I use a remote LibreNMS instance that can reach private IP addresses behind that OPNsense instance over WG tunnel that is experiencing packet loss. It is just a bit difficult to correlate that kind of packet loss to the behaviour I observe on OPNsense that looks like something is going on in the way OPNsense 'reacts' to WG tunnels.
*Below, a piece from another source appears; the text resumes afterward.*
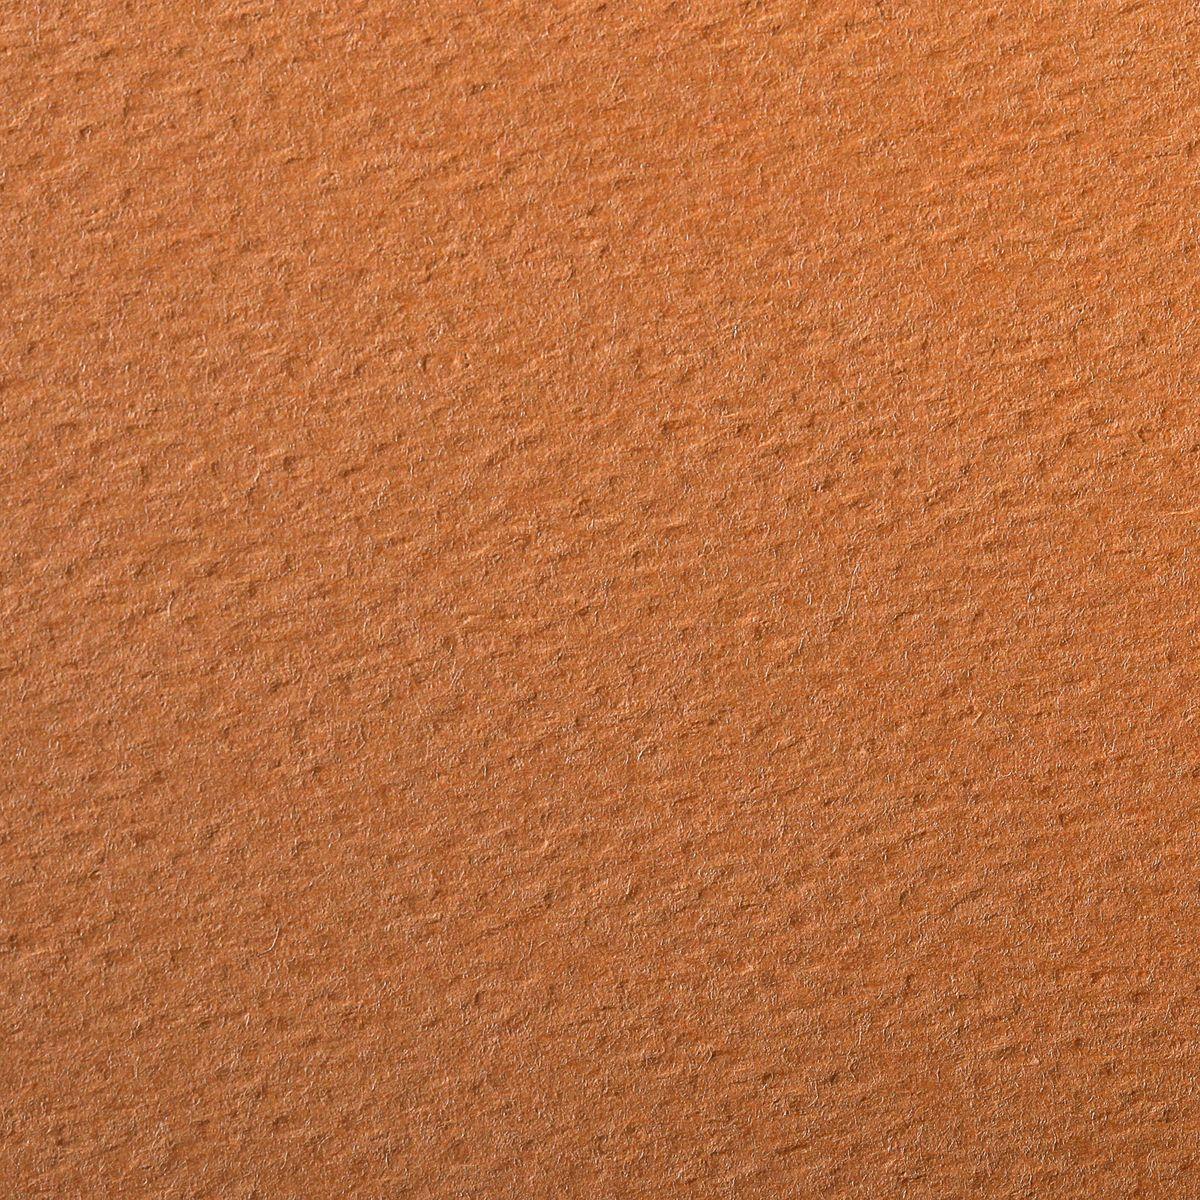 Бумага Clairefontaine Etival Color, формат A4, цвет обложки: темно-оранжевый, 25 листов97775318Бумага ETIVAL COLOR (А4, 160г, 25л) Ржавчина 93889С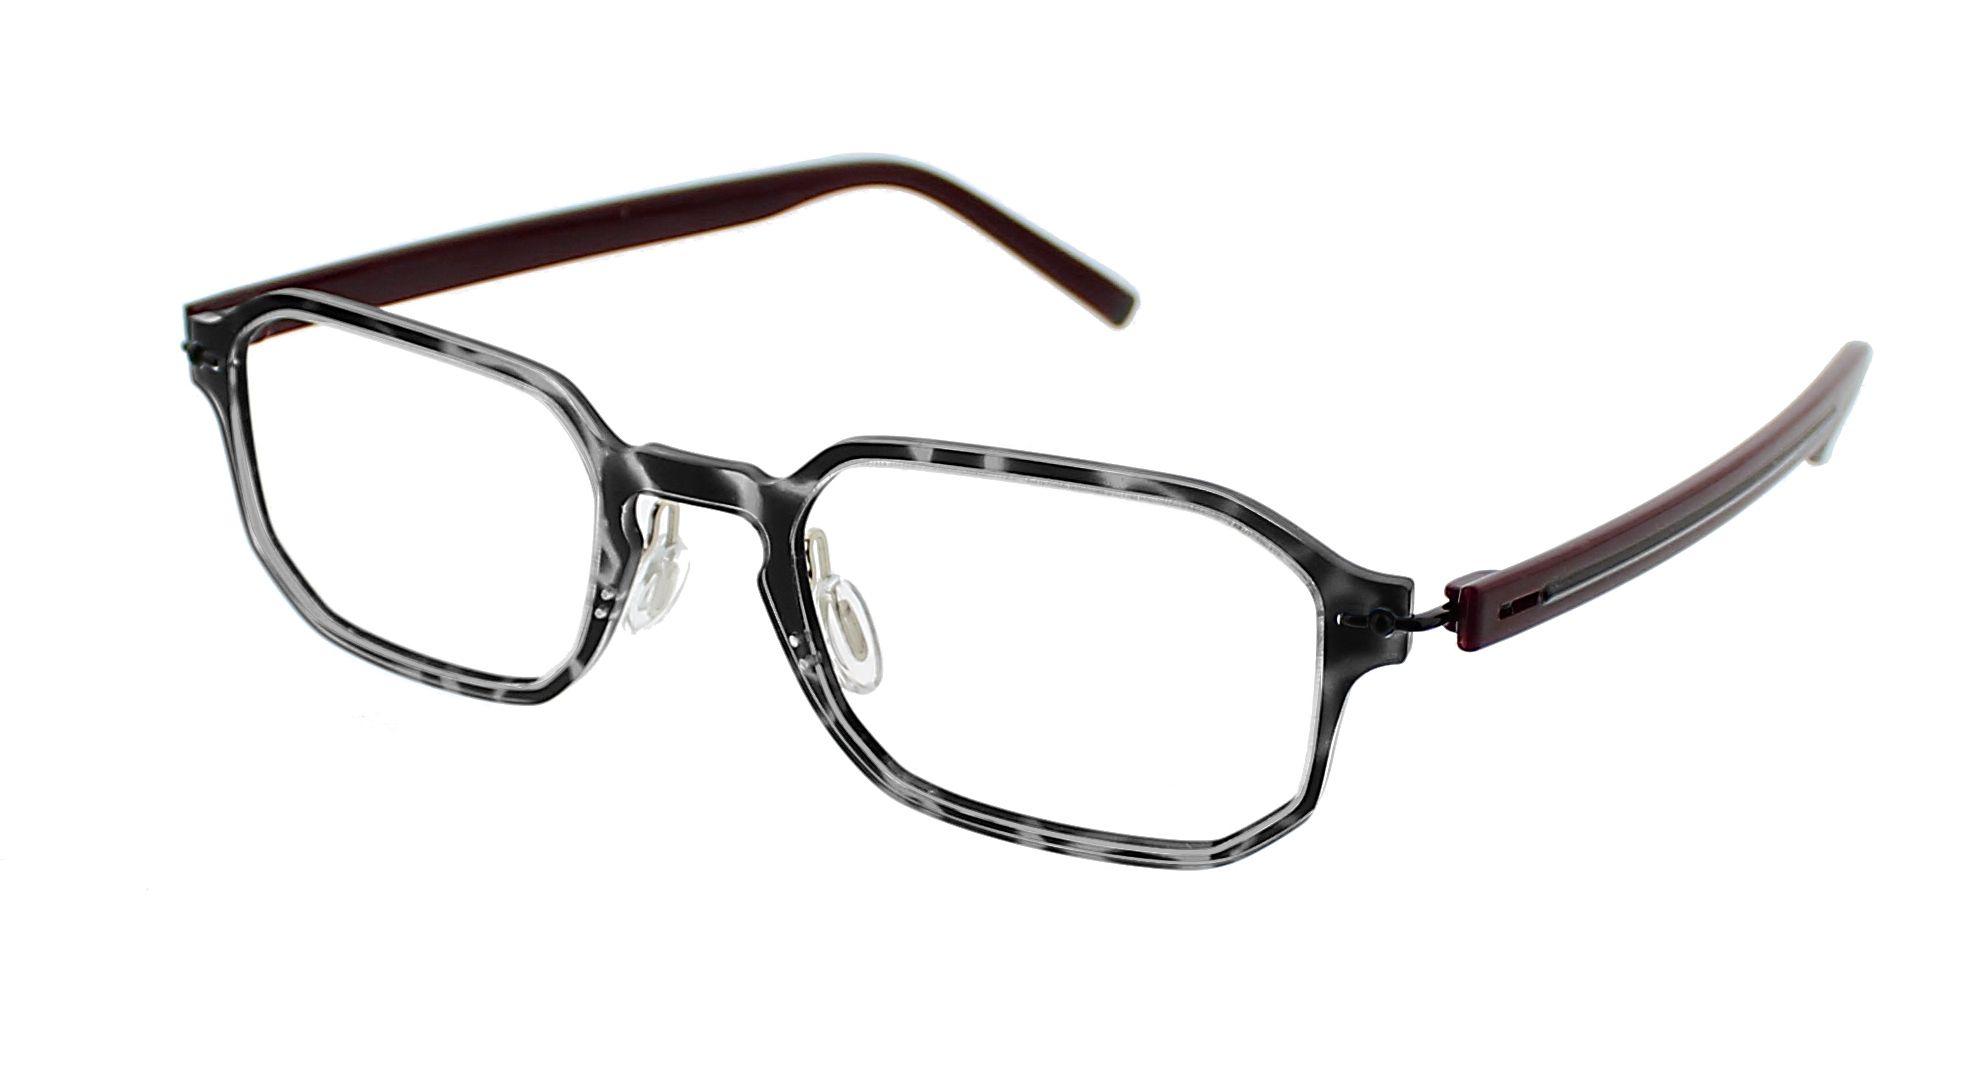 Quick Black Tortoise Aspire Products Aspire, Eyewear

I cannot say they are going down since I don't believe we can say they are stateful tunnels - I might be wrong here, if they are, well they I can only see the handshake.

On the WG tunnels, I have a keepalive of 2, that I reduced to 1 just to see if that would make a difference.
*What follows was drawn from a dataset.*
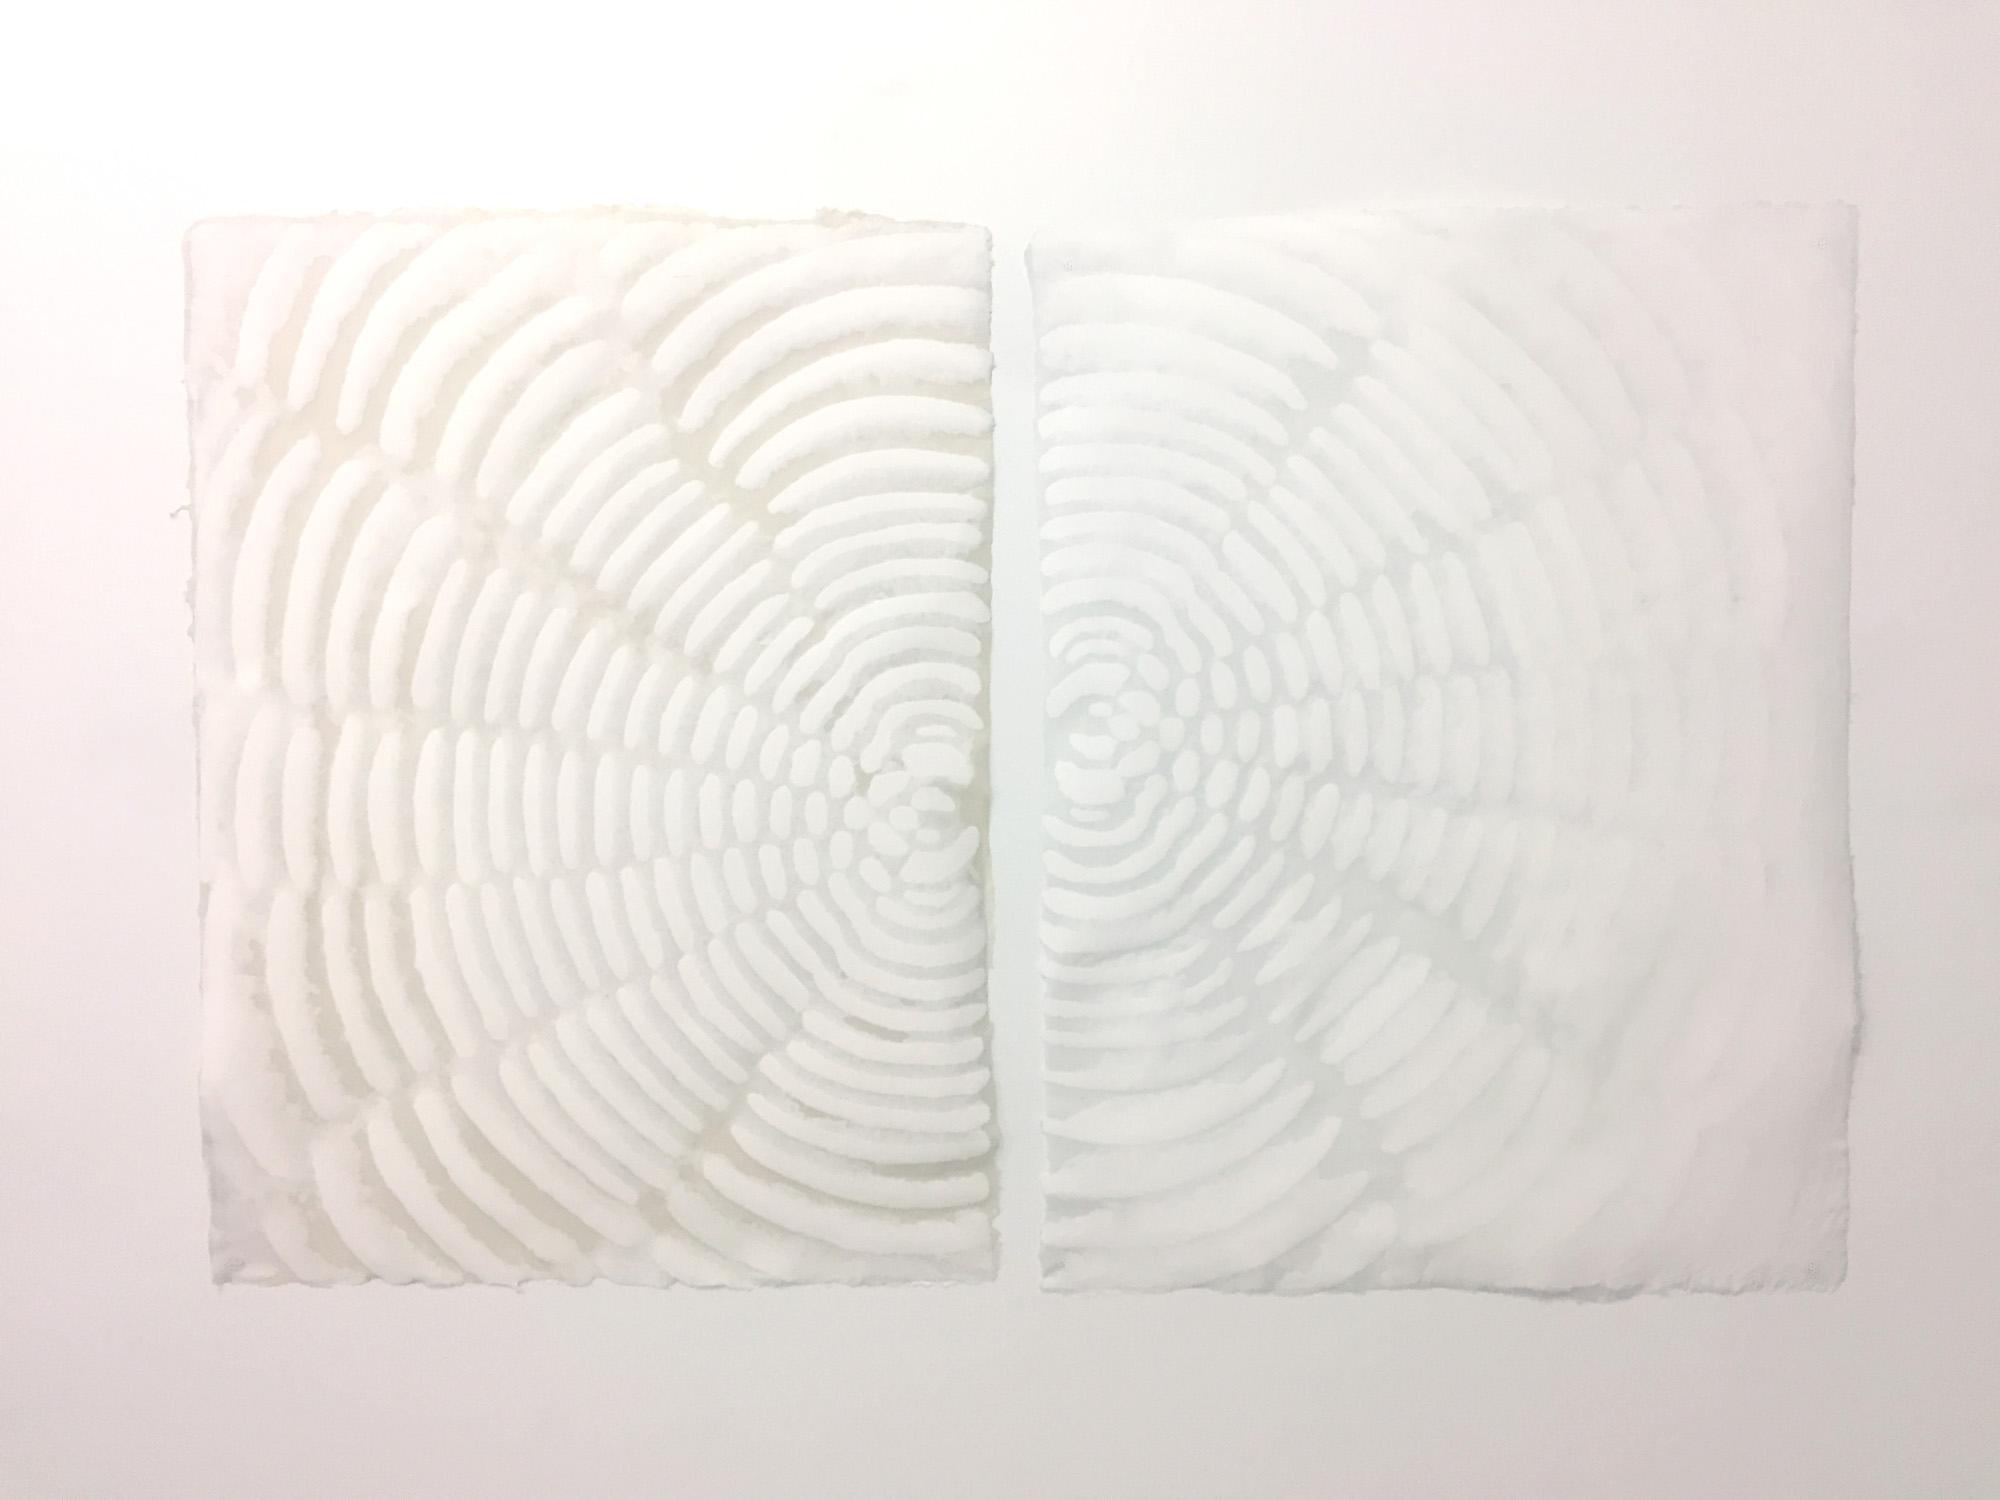 Audra Wolowiec,  waveform , 2017

I have added a few RRD graphs showing the impact of the connectivity loss as LibreNMS cannot query SNMP due to the severe connectivity issue through WG. In order to rule out LibreNMS, I can confirm the same instance can reach others destinations on the internet with zero gap, zero loss. I am definitely aware that packet loss is not good and should be addressed, it is just the exponential effect on WG that is surprising to me and a bit hard to understand given the limited experience I have at troubleshooting WG and the behaviour of the Go implementation on OPNsense. I don't think it is a problem as such, it is more about how to make it more evident.
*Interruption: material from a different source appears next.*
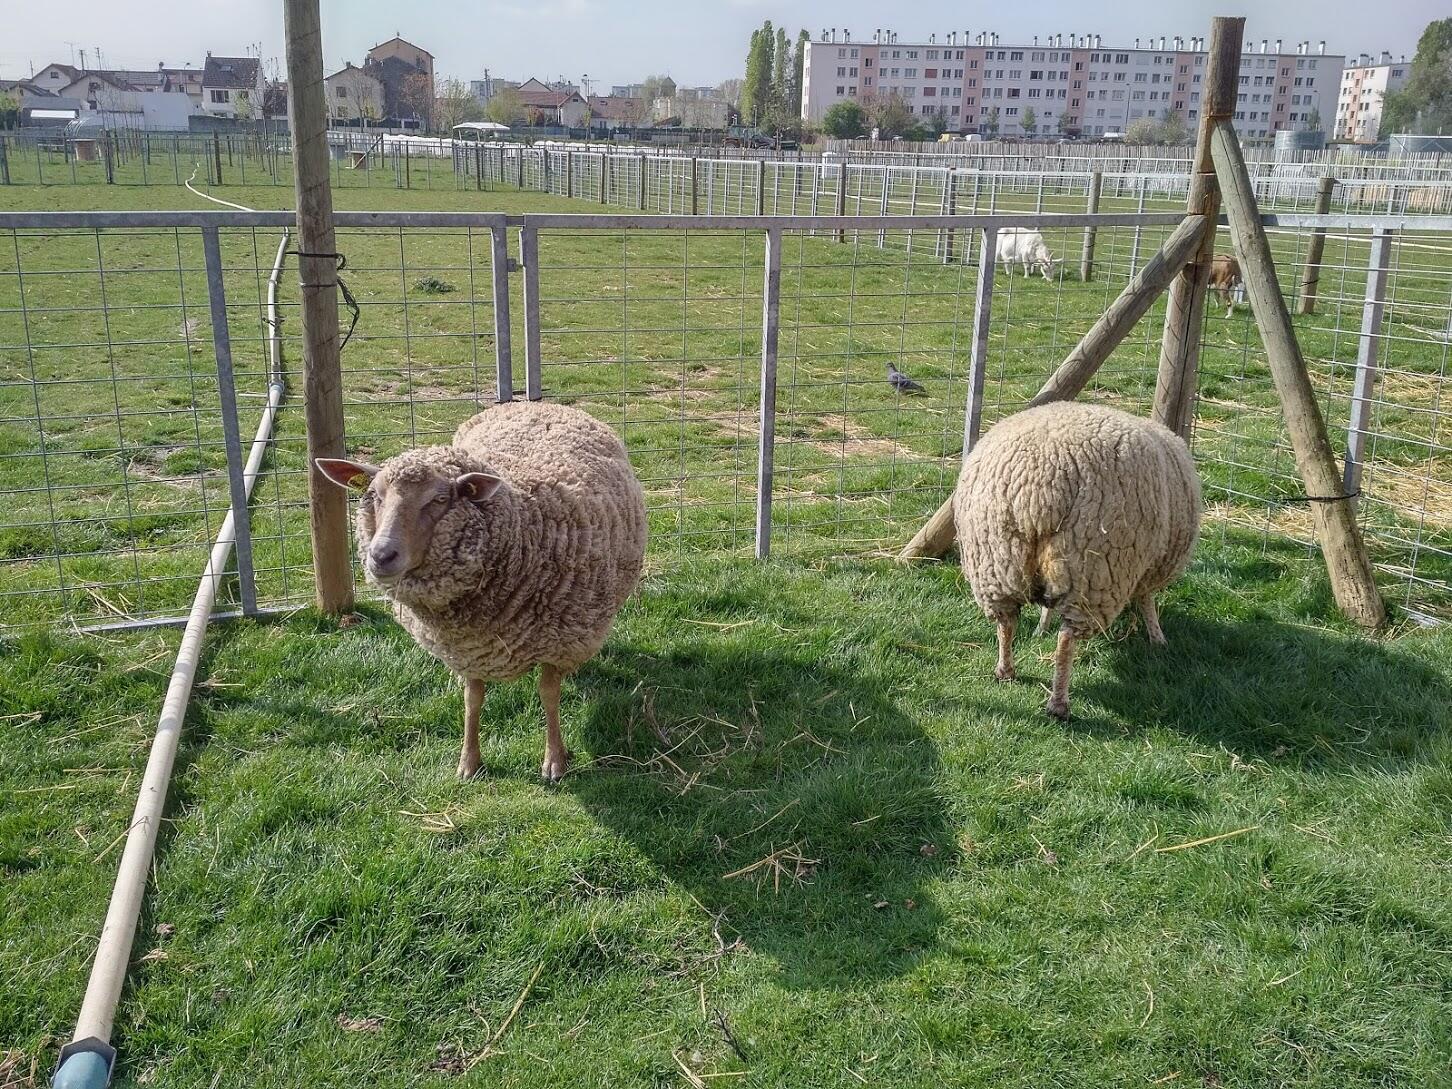 Cada oveja tiene su nombre de pila.

For reference see the attached graphs:

Normal no packet loss monitor report of memory utilization (no gap):
20210327-WG-troubleshooting-no-packetloss-2_result.jpg

How it has started:
20210327-WG-troubleshooting-packetloss-2_result.jpg

How it is going:
20210327-WG-troubleshooting-packetloss-1_result.jpg

Meanwhile packet loss towards major destination is minimal and, on a residential connection, the ISP is not really interested in doing much beyond modem/router restarts. It is a longer story, but they activated OFDMA on upstream channel last November which triggered a significant issue for many people. They disabled it during February and, apparently, they are now trying again. So, it will be a long battle, but I wanted to see if I could get a bit further along with traces from WG to confirm the effect of packet loss beyond running pings on top of WG tunnels. The real question is what happens in WG when I see the traffic stopping for such a long period of time while the underlying connectivity is experiencing not as big of a packet loss.

For what I can verify myself, I have the widget to see the last handshake for each WG tunnel, I look at the log where I can see clearly when WG comes up or goes down (if I disable WG) but during what I have seen with connectivity being affected, there is nothing at all in the logs.

Any idea would be welcome to help me progress on understanding WG in OPNsense a bit better.